Wheelchair using dolls, blind, deaf, and other dolls who portray disability, do have a place, they can help kids accept their disability or have a playmate that is just like them.  However giving them just these toys, is,in my opinion, sterotyping, in the same way only allowing children to play   with gender specific toys is.  Equally you may limit the child’s experiences if they are not exposed to a wide range of play options. As a kid, I liked dolls that did things  I couldn’t do, I experienced those things with the help of my dolls, a walking doll, a gymnast, and a doll that wrote.  Toys that do things may encourage kids to try skills they need  to practise, so they do it like their dolls.

Its my opinion that just as able bodied toys aren’t taboo for disabled children, disabled toys can be enjoyed by able bodied kids too.  They may help kids understand disability, or deal with the ‘confusing’ issue of a disabled child in the class. 

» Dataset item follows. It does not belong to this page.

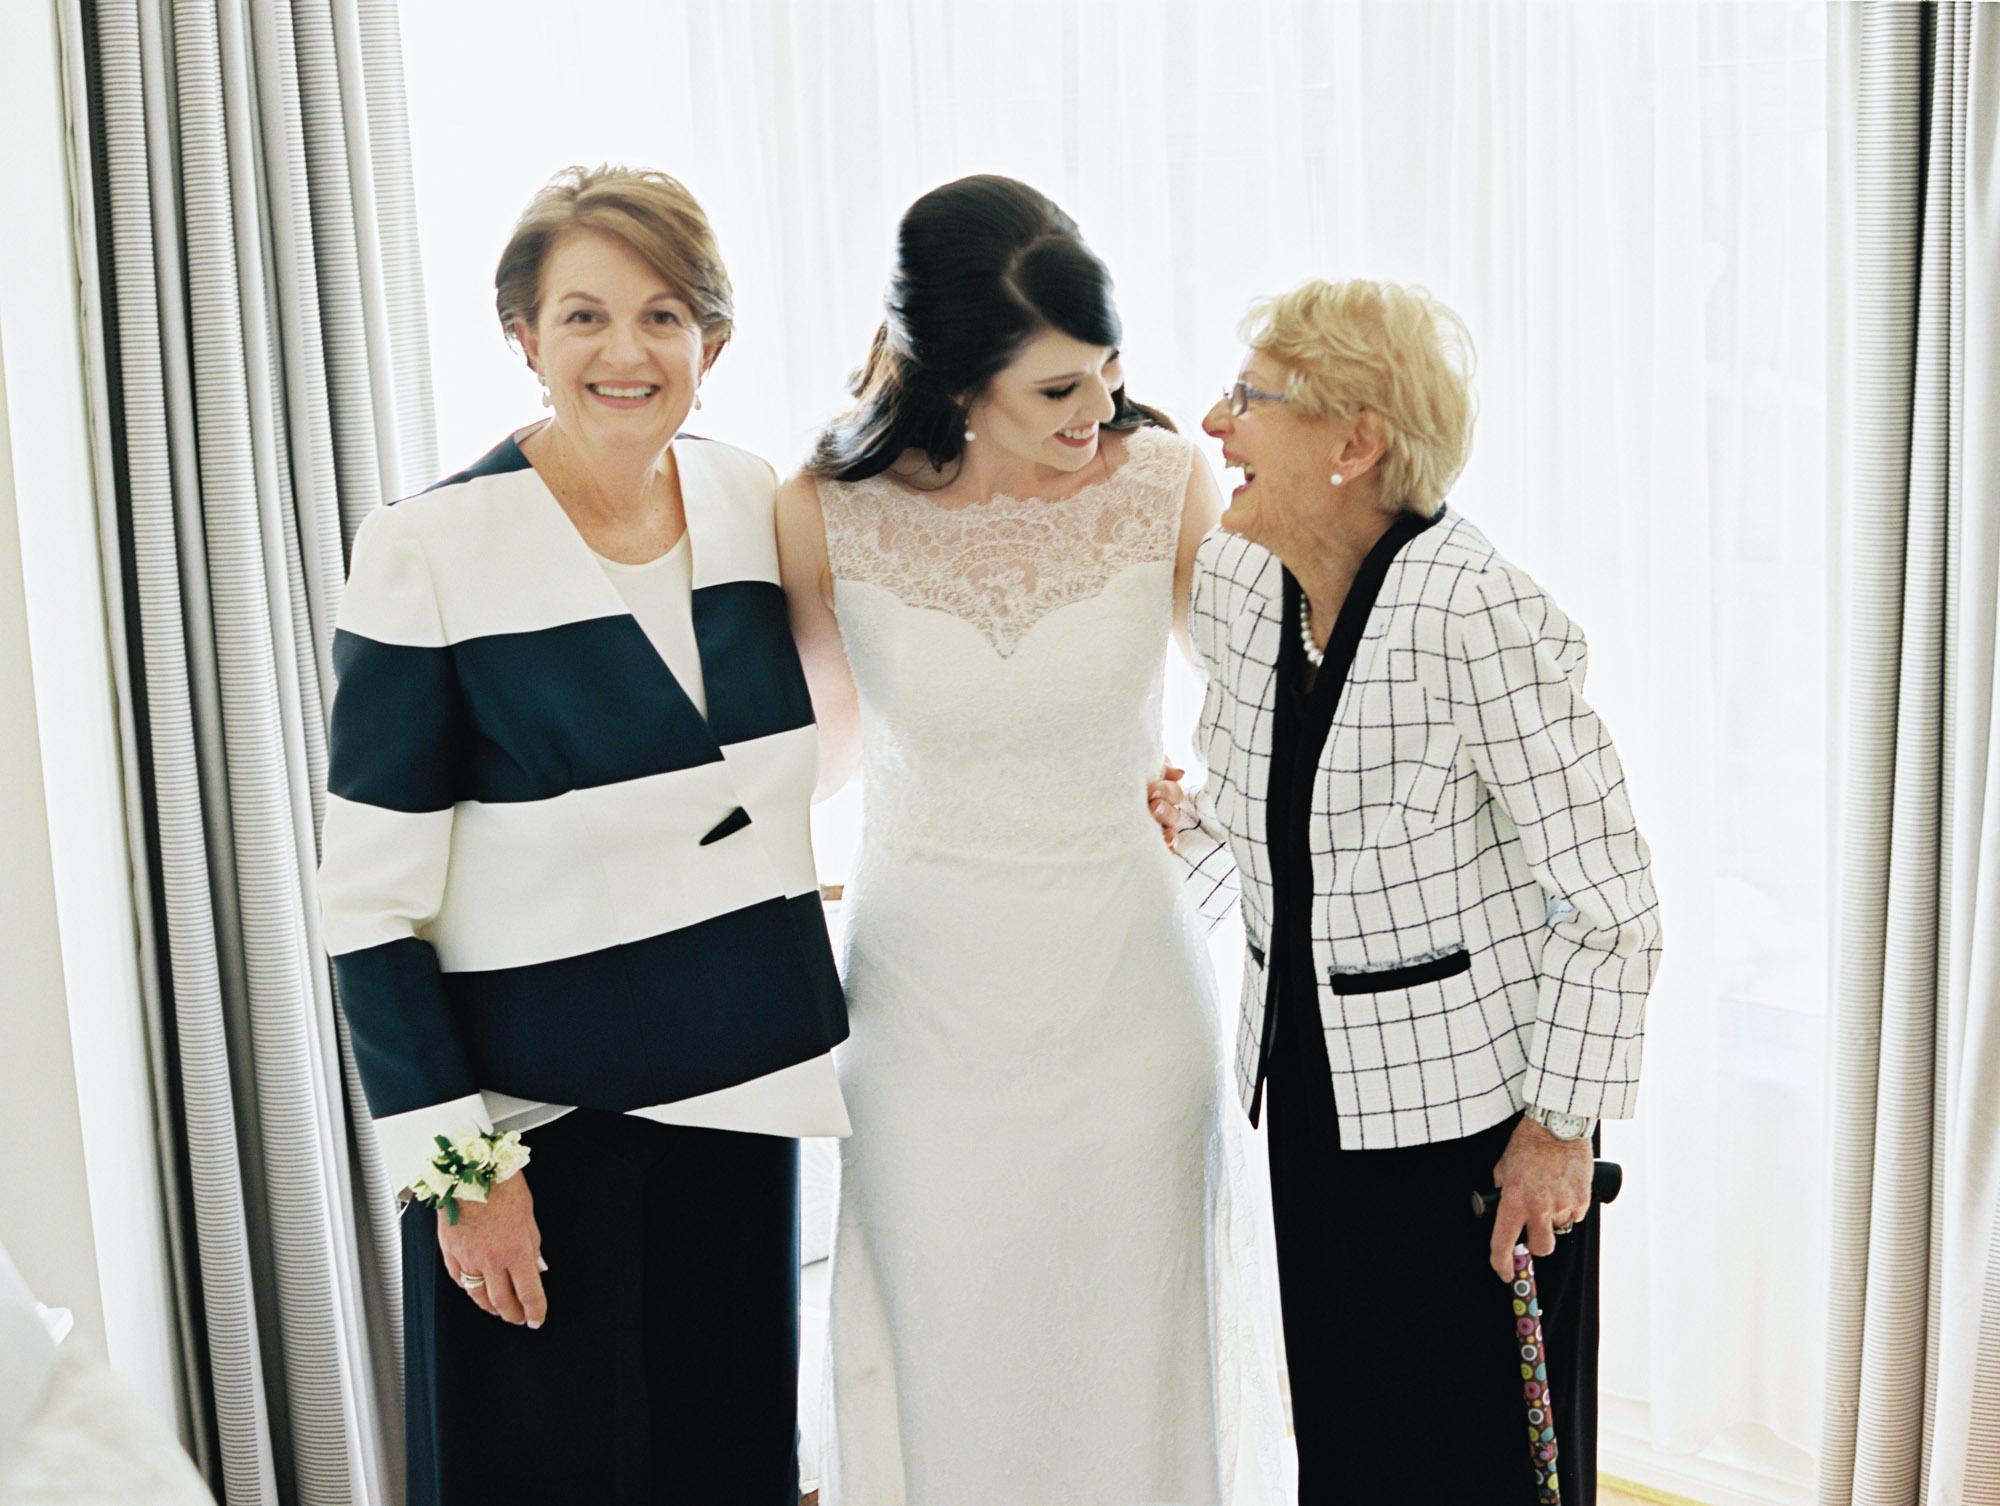 Glen-Ewin-Estate-wedding-photography-026.jpg

Diversity is an inportant issue, we live in a diverse, mulicultural society, and its something children have to learn from an early age. Disability, ethnicity, gender, and sexuality are issues children have to deal with, and learn  about in age appropriate ways, minority relevant toys can help with that for all children.   Equally children from minorities, this includes disabled children, have to learn to accept people, including the able, who are different from them.  Their life experiences, including play, have to be as wide as possible, from a young age to make this as normal and natural a process as possible.  Allowing any child to remain ‘locked’ into their safe insular world, does not ebcourage them to understand and tolerate diference and equal rights.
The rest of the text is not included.